---
title: "Estimating Generalized Linear Models for Binary and Binomial Data with rstanarm"
author: "Jonah Gabry and Ben Goodrich"
date: "`r Sys.Date()`"
output: 
  html_vignette: 
    toc: yes
---
<!--
%\VignetteEngine{knitr::rmarkdown}
%\VignetteIndexEntry{stan_glm: GLMs for Binary and Binomial Data}
-->
```{r, child="children/SETTINGS-knitr.txt"}
```
```{r, child="children/SETTINGS-gg.txt"}
```

# Introduction

This vignette explains how to estimate generalized linear models (GLMs) for 
binary (Bernoulli) and Binomial response variables using the `stan_glm`
function in the __rstanarm__ package.

```{r, child="children/four_steps.txt"}
```

Steps 3 and 4 are covered in more depth by the vignette entitled ["How to Use the
__rstanarm__ Package"](rstanarm.html).
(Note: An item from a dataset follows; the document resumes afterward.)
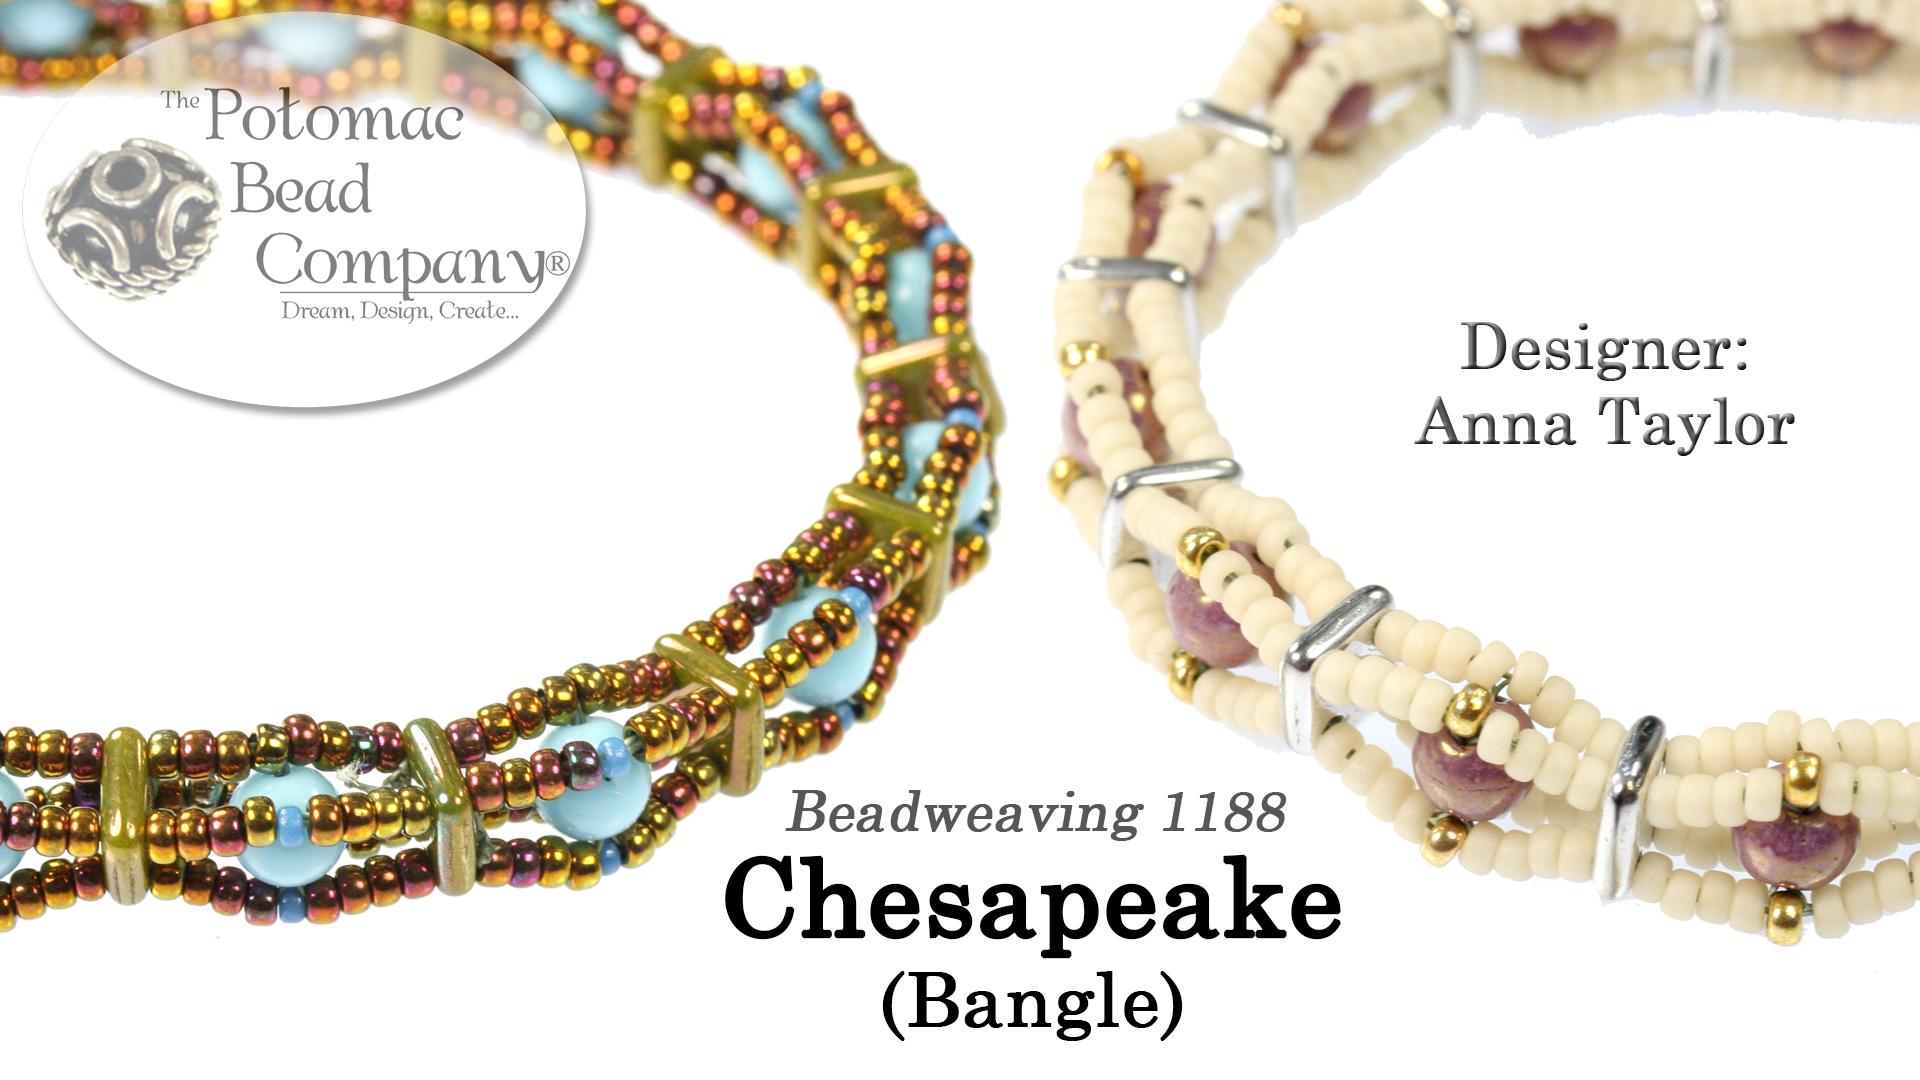 How to Bead Jewelry / Videos Sorted by Beads / RounDuo® & RounDuo® Mini Bead Videos / Chesapeake Bangle Tutorial

This vignette focuses on Step 1 when the likelihood is
the product of conditionally independent binomial distributions (possibly with
only one trial per observation).

# Likelihood

For a binomial GLM the likelihood for one observation $y$ can be written as a
conditionally binomial PMF
$$\binom{n}{y} \pi^{y} (1 - \pi)^{n - y},$$
where $n$ is the known number of trials, $\pi = g^{-1}(\eta)$ is the probability
of success and $\eta = \alpha + \mathbf{x}^\top \boldsymbol{\beta}$ is a linear
predictor. For a sample of size $N$, the likelihood of the entire sample is the
product of $N$ individual likelihood contributions.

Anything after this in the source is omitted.